There's certainly always a veil of “all I haven't done” or generalized fear response for things I assume I've done wrong which absolutely ties in neatly with my childhood. I didn't do drugs on vacation and I don't hit on people at work, but when HR calls wanting me to screen, I assume the worst. The more I read this Wikipedia page, you could say I've a Freudian, more than an existential, form of guilt, were I in need of claiming it.

But back to the original quoted paragraph. Seeing sin in every interaction is a good one. I've been there. I still see enough disconcerting and dispiriting things constantly, but I'm more resolved to people's overt hopelessness, uselessness, ignorance, or naive selfishness more than maliciousness. The image of pushing a boulder up a hill comes to my mind often and has been considered as a tattoo.
Work feels like that. I'm not getting anywhere but onto the next not-quite disaster. The same tired lines, waiting for you to stop crying, emails with no or bad answers. There's no growth, nothing changing. People just default to cliches. You'd think something as theoretically dynamic as individuals and how they manage to hurt and neglect each other...well, let me stop myself, I said “individuals.” I'm just dealing with people. People stopped being interesting well before I got this job.

I want to take a break. I want to feel like I can take back more of my time without delving into spite. I want the prospect of typing the same stupid lines the same stupid ways to not provoke sheer exhaustion and the impulse to start acting weird.
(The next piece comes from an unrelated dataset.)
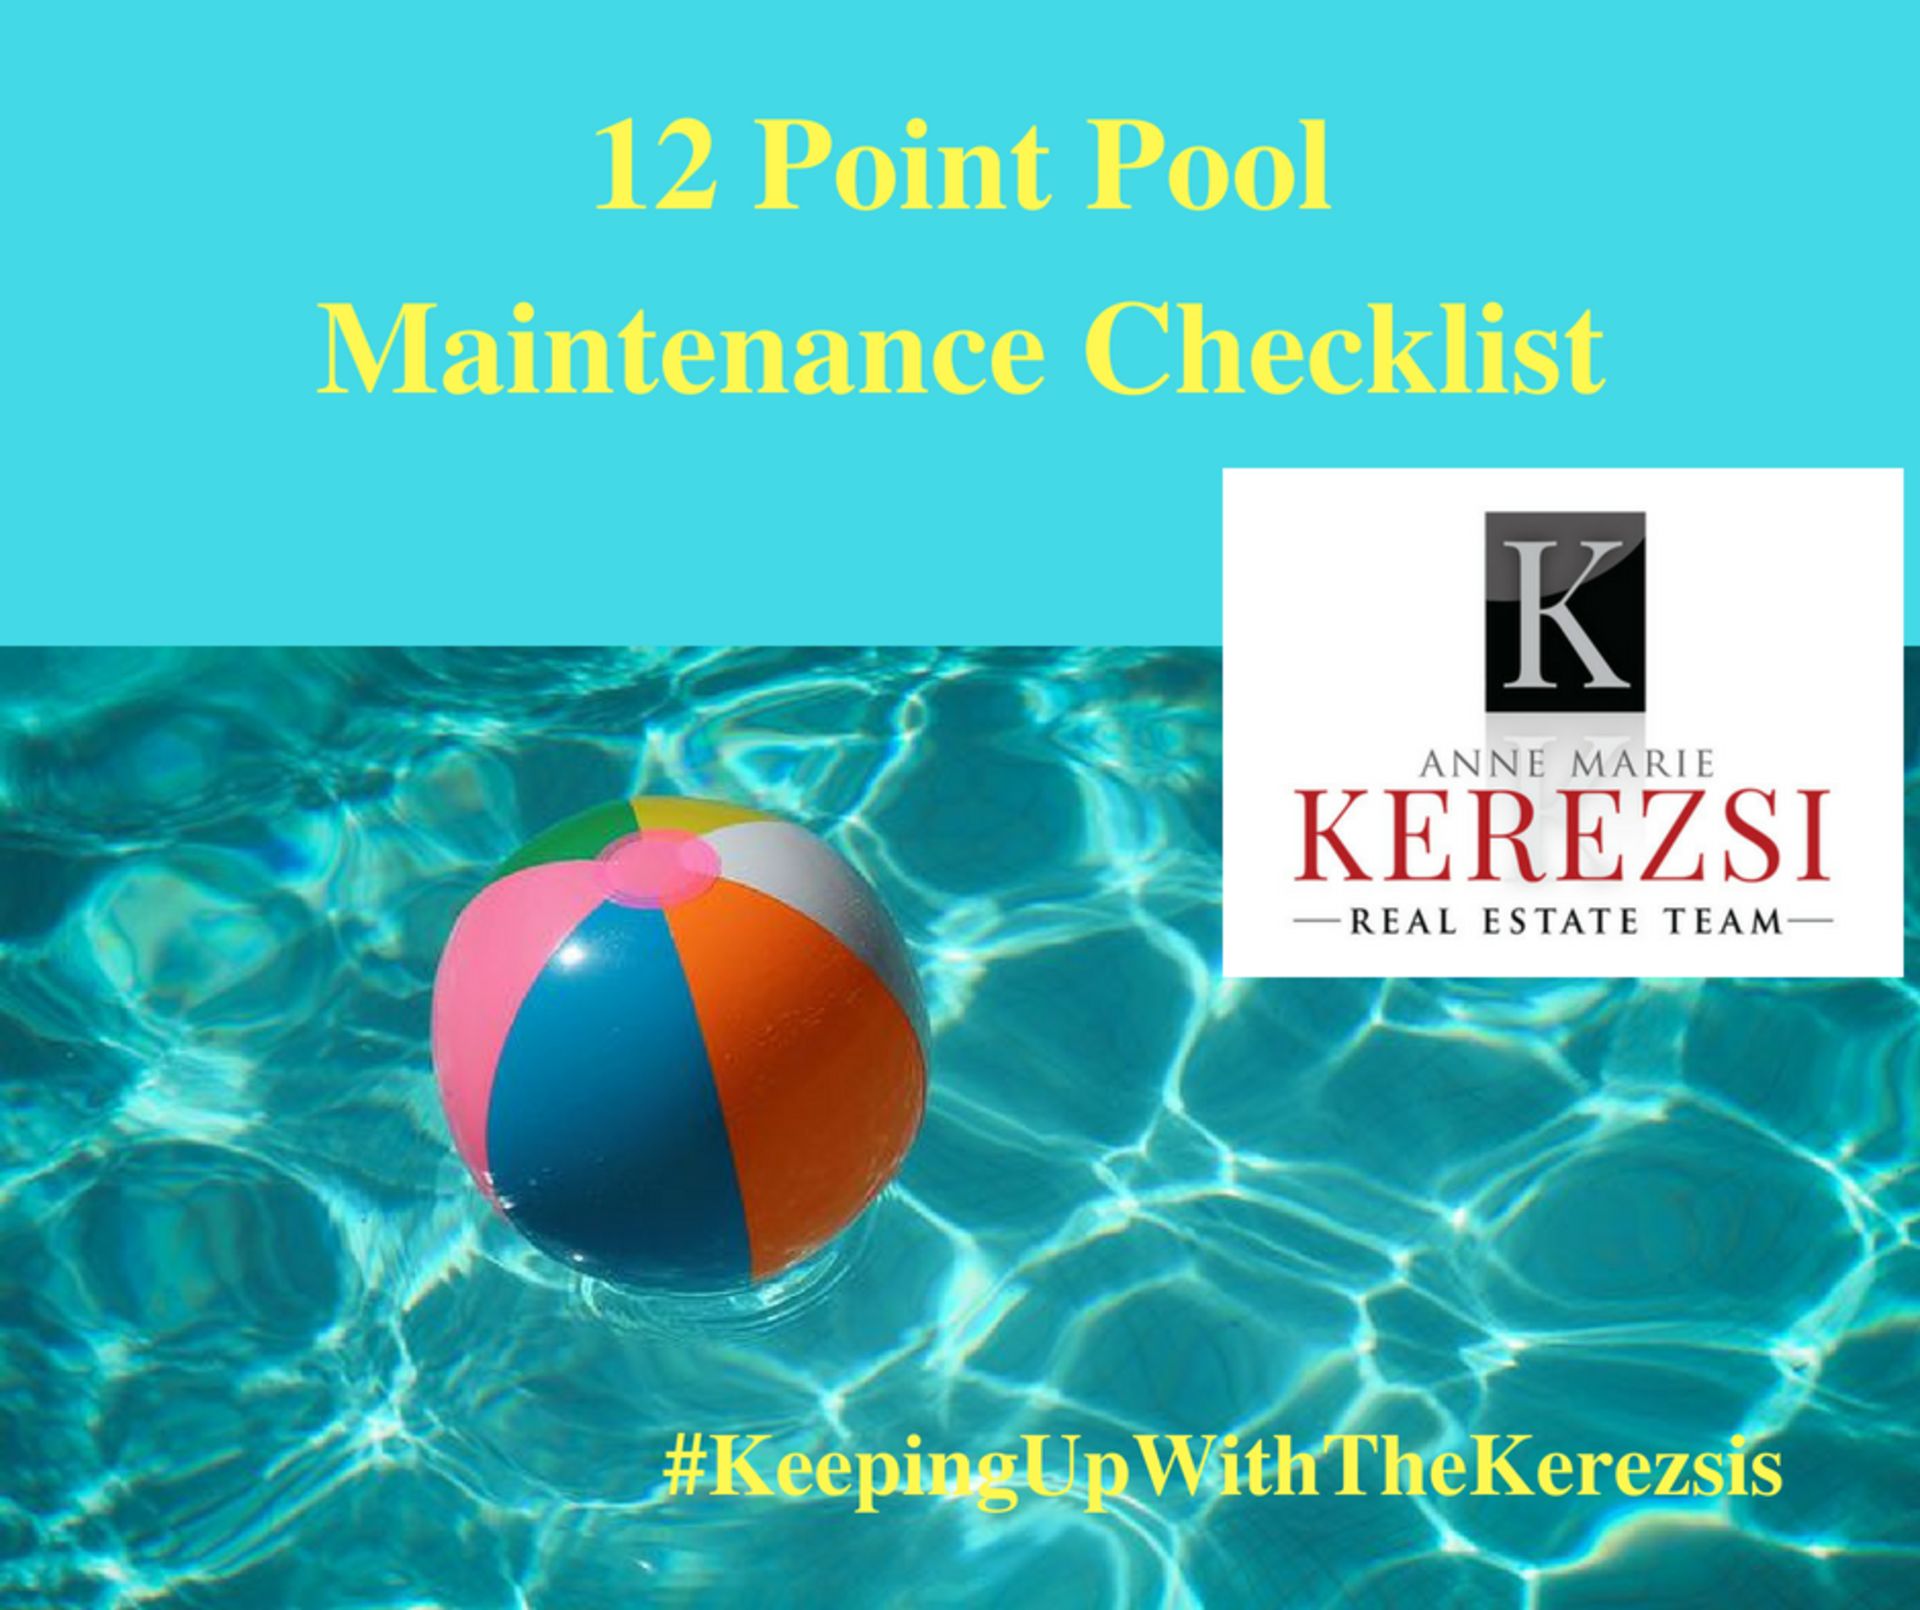 12 Point Pool Maintenance Checklist (from HomeKeepr)

I talked to the head of the agency on Monday. We sat down for lunch for a little over an hour. We discussed race, day-to-day office interactions, big-picture software and organization dynamics. We're both readers and constant thinkers so it went smooth and didn't show any obvious major failings but for all the things I must assume she thought about a few of my choice phrasings. On the drive back and in these following days, it's only sinking in further that there is no “top” person of any consequence that can move pieces any faster than one pawn at a time. I'm not under the illusion that the bluster of legislation is the hot ticket to be of influence either. Even when you buy your legislators, there's no guarantees. And with all the money in the world, you still die of colon cancer.

It all, always, resolves to you as an individual. You have to cross thicker lines when the otherwise adopted boundaries become too restrictive. That is, if you can't detach or negotiate, which I'm proving to myself I can't or would be unwise. Guilt in this train of thought would serve as a restrictive agent and as empathy for the hapless souls feeling as desperate around you. Good thing I'm still not prepared to claim it.